_EXERCISE_
Exactly reproduce the lines from the line bearing "photo caption - When" through the end of the listing, inclusive of both; pictures are to be omitted.

_DATA EXTRACT_
..........

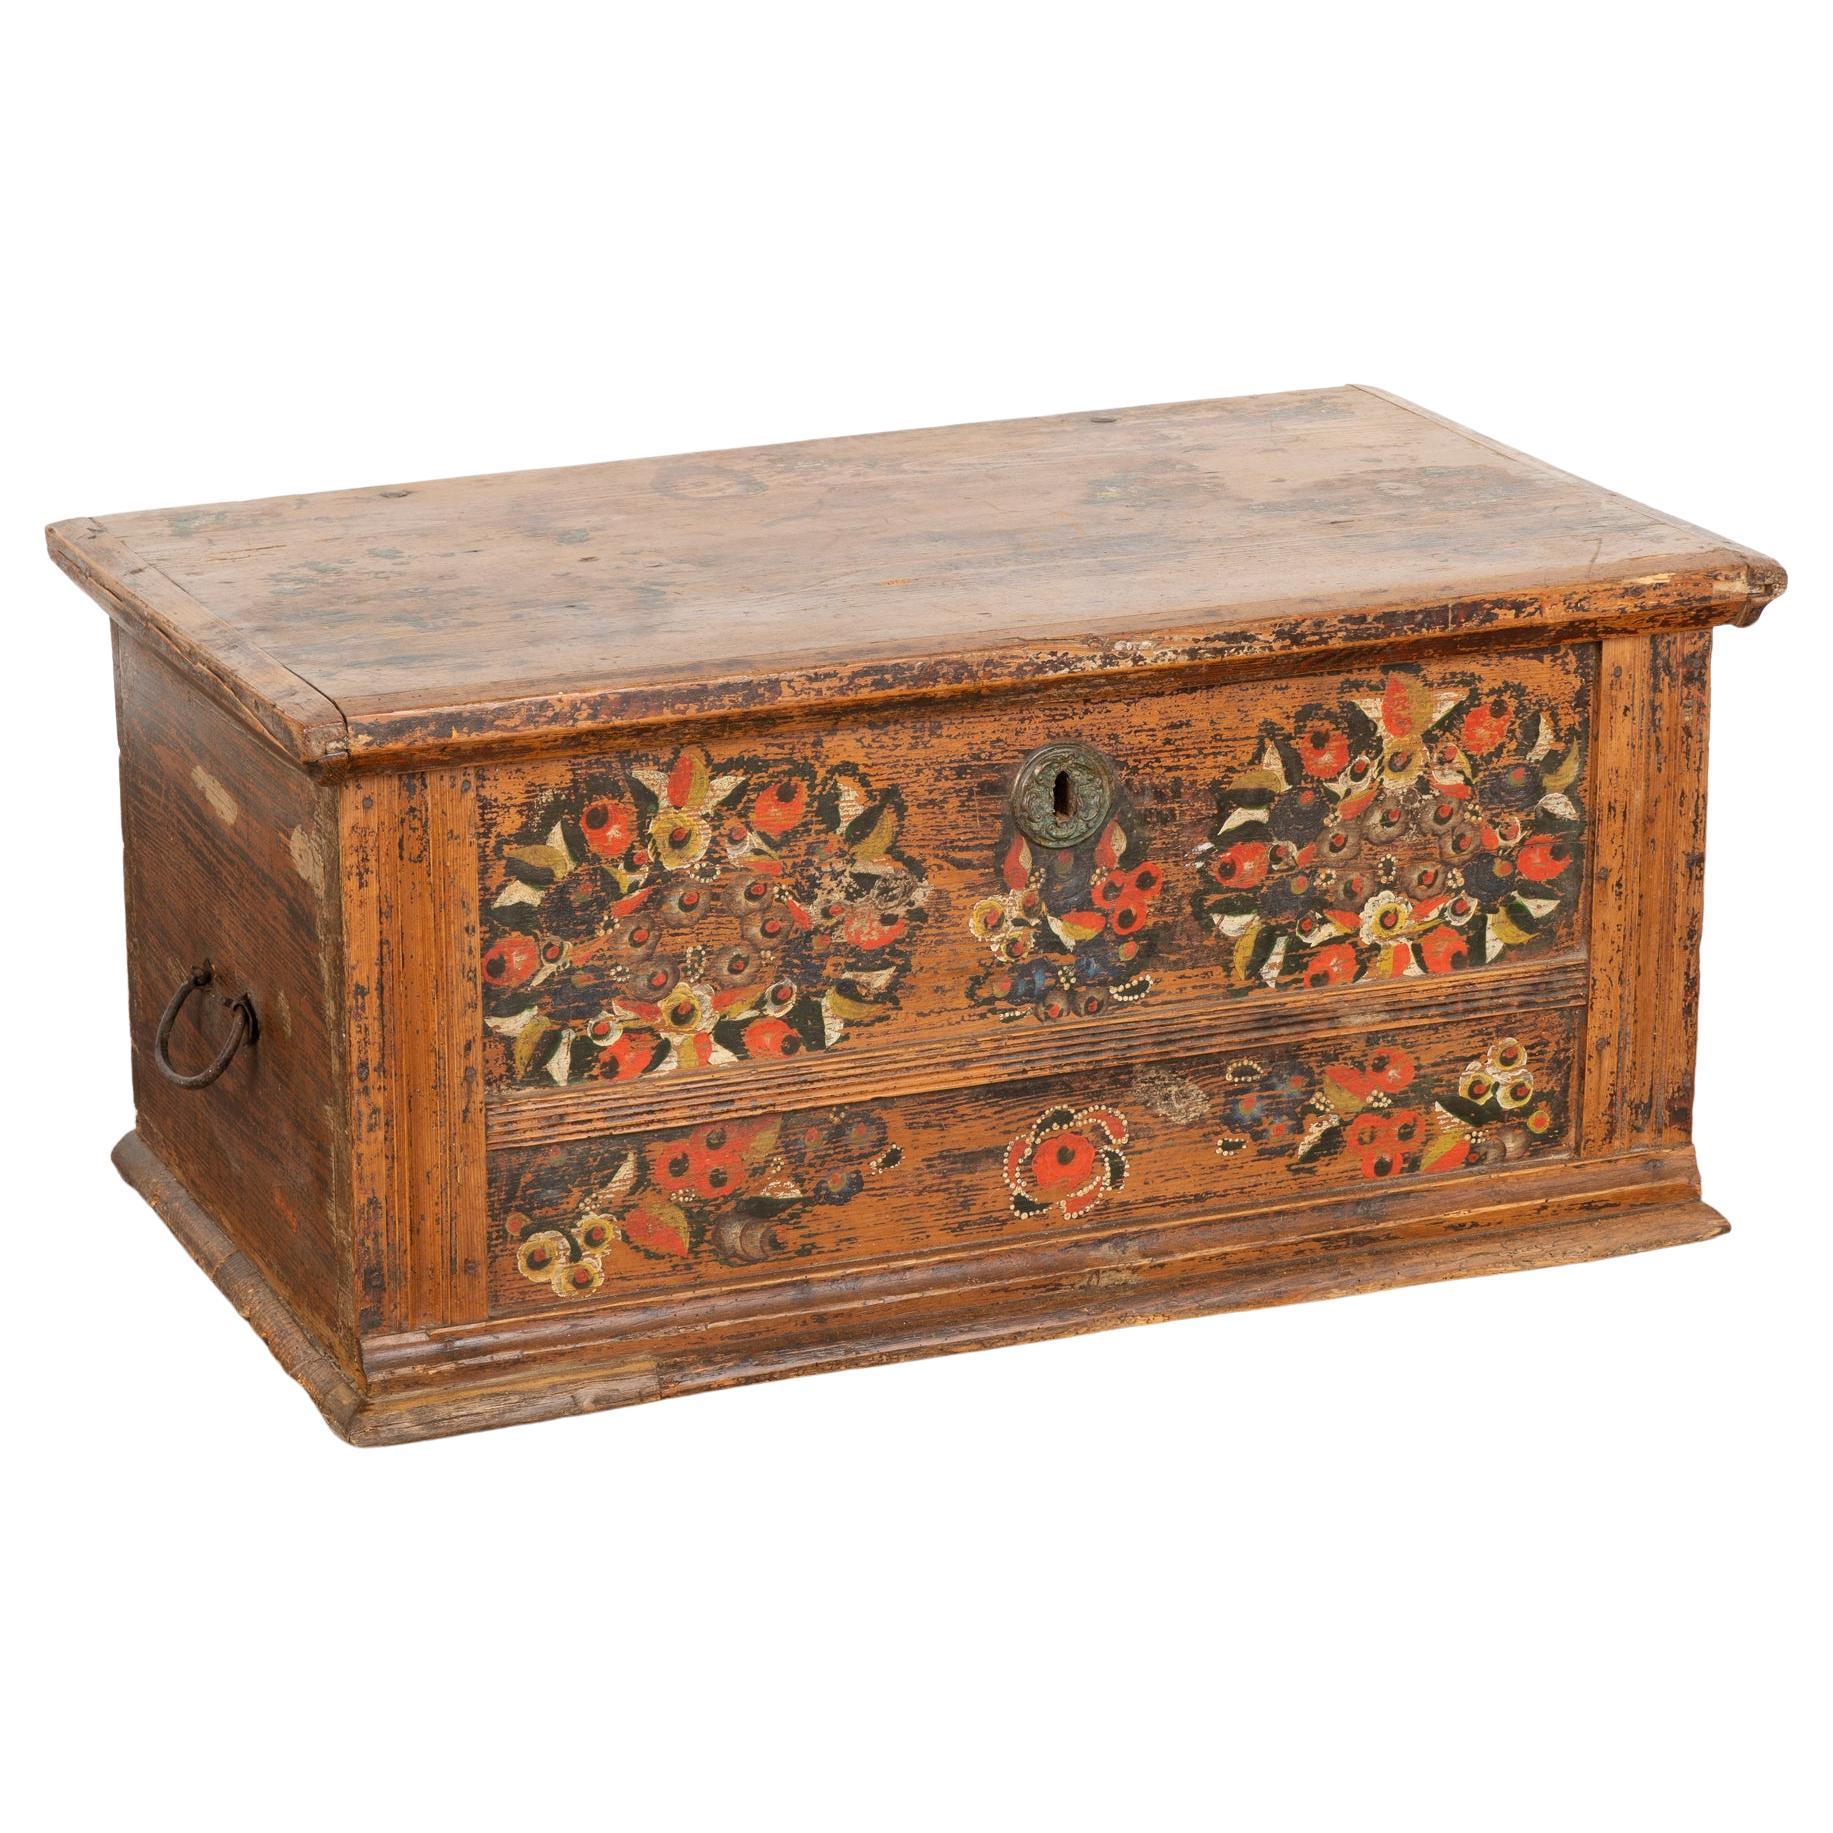 Original Hand Painted Flat Top Pine Trunk With Flowers, Hungary circa 1880
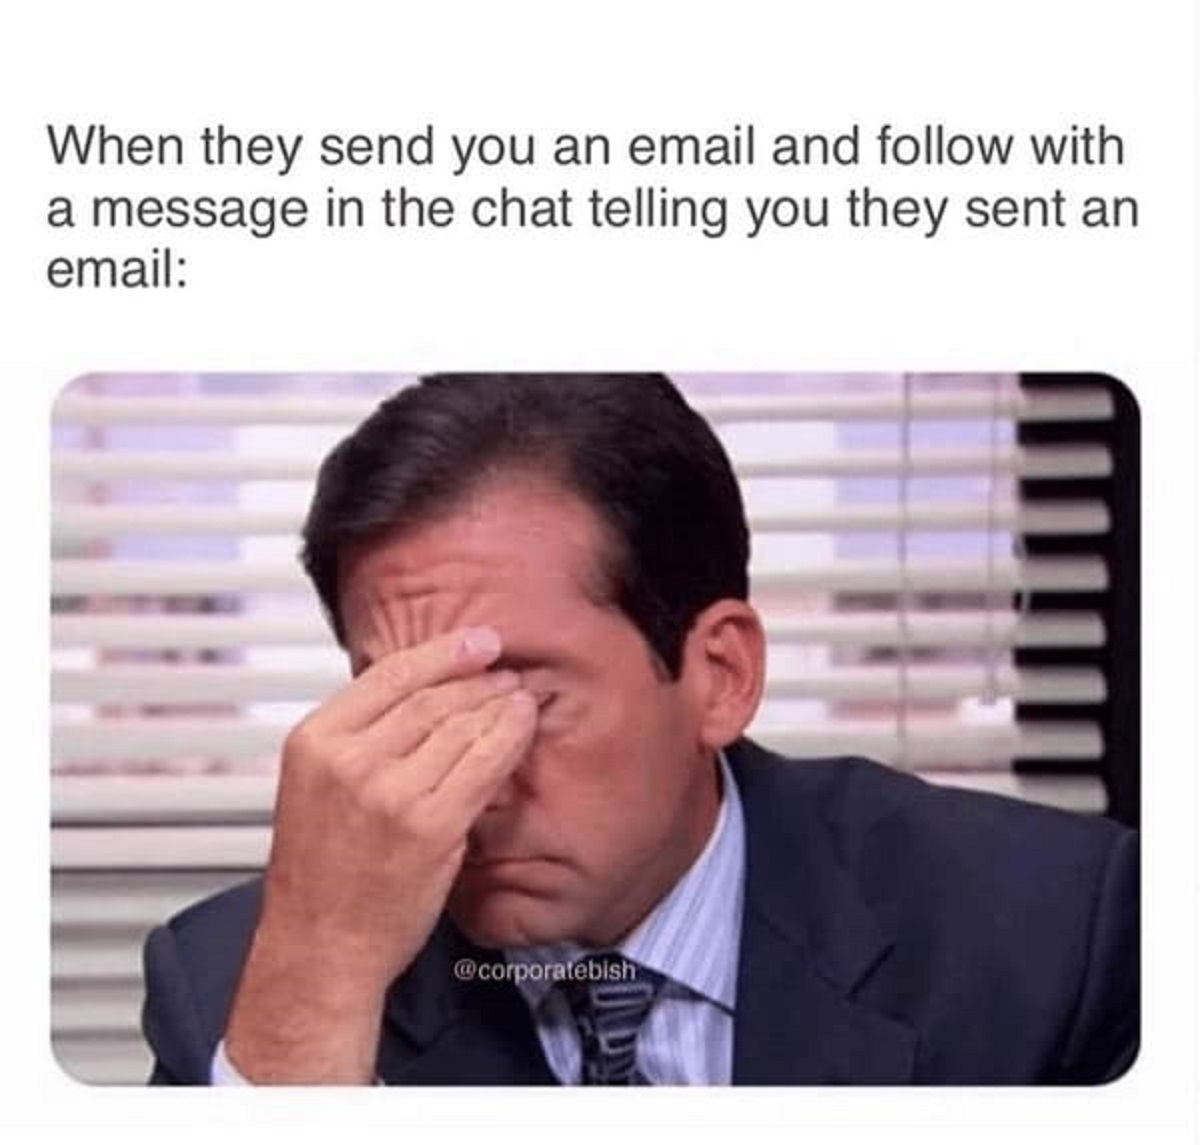 photo caption - When they send you an email and with a message in the chat telling you they sent an email
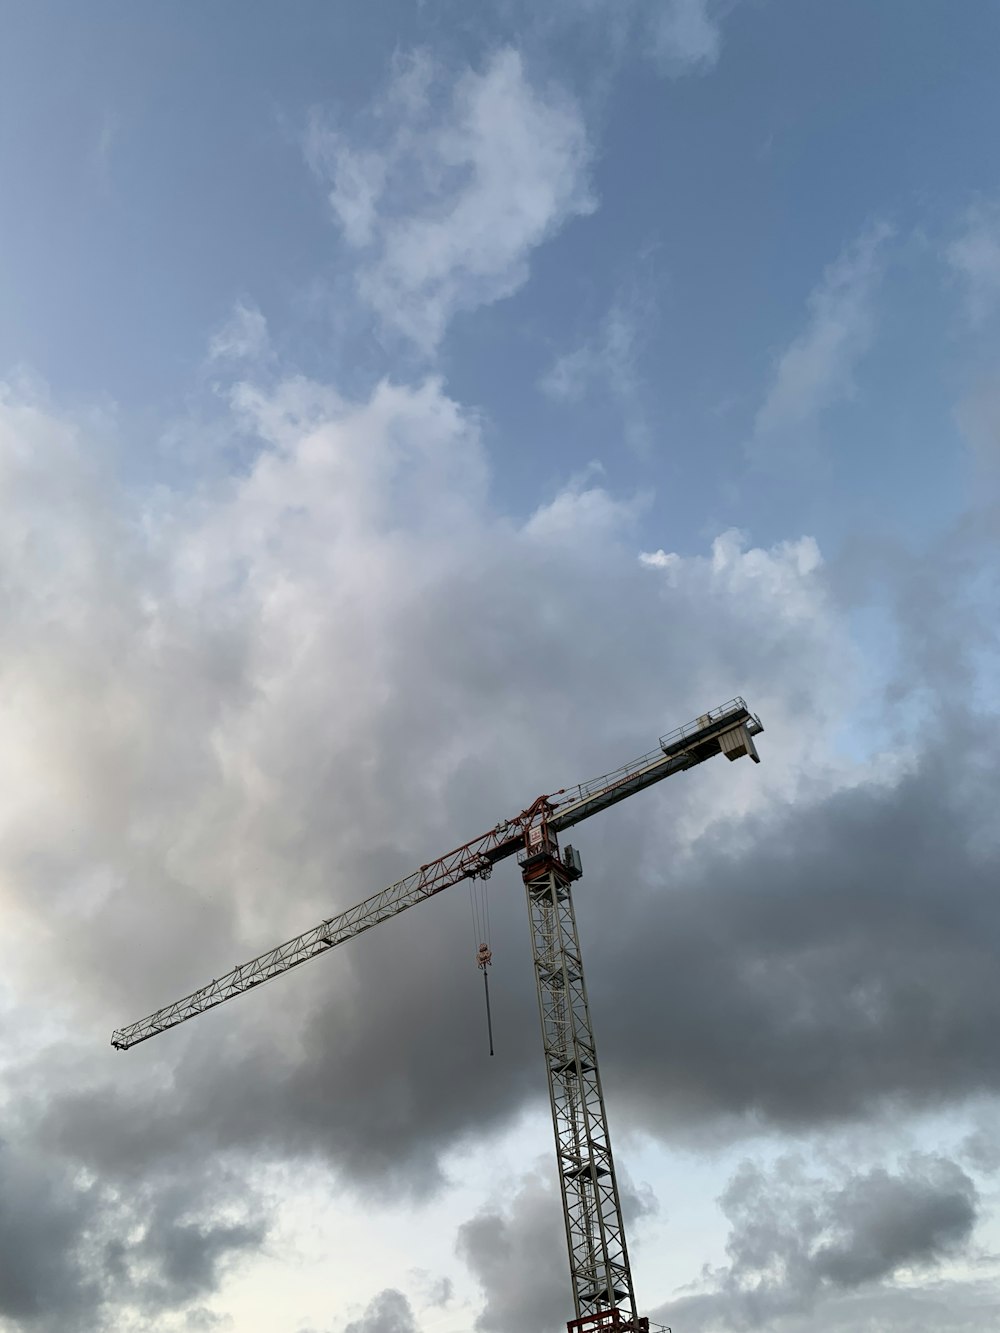 a crane is standing in the middle of a cloudy sky

..........

_RESULT FOR THIS EXERCISE_
 photo caption - When they send you an email and with a message in the chat telling you they sent an email
 a crane is standing in the middle of a cloudy sky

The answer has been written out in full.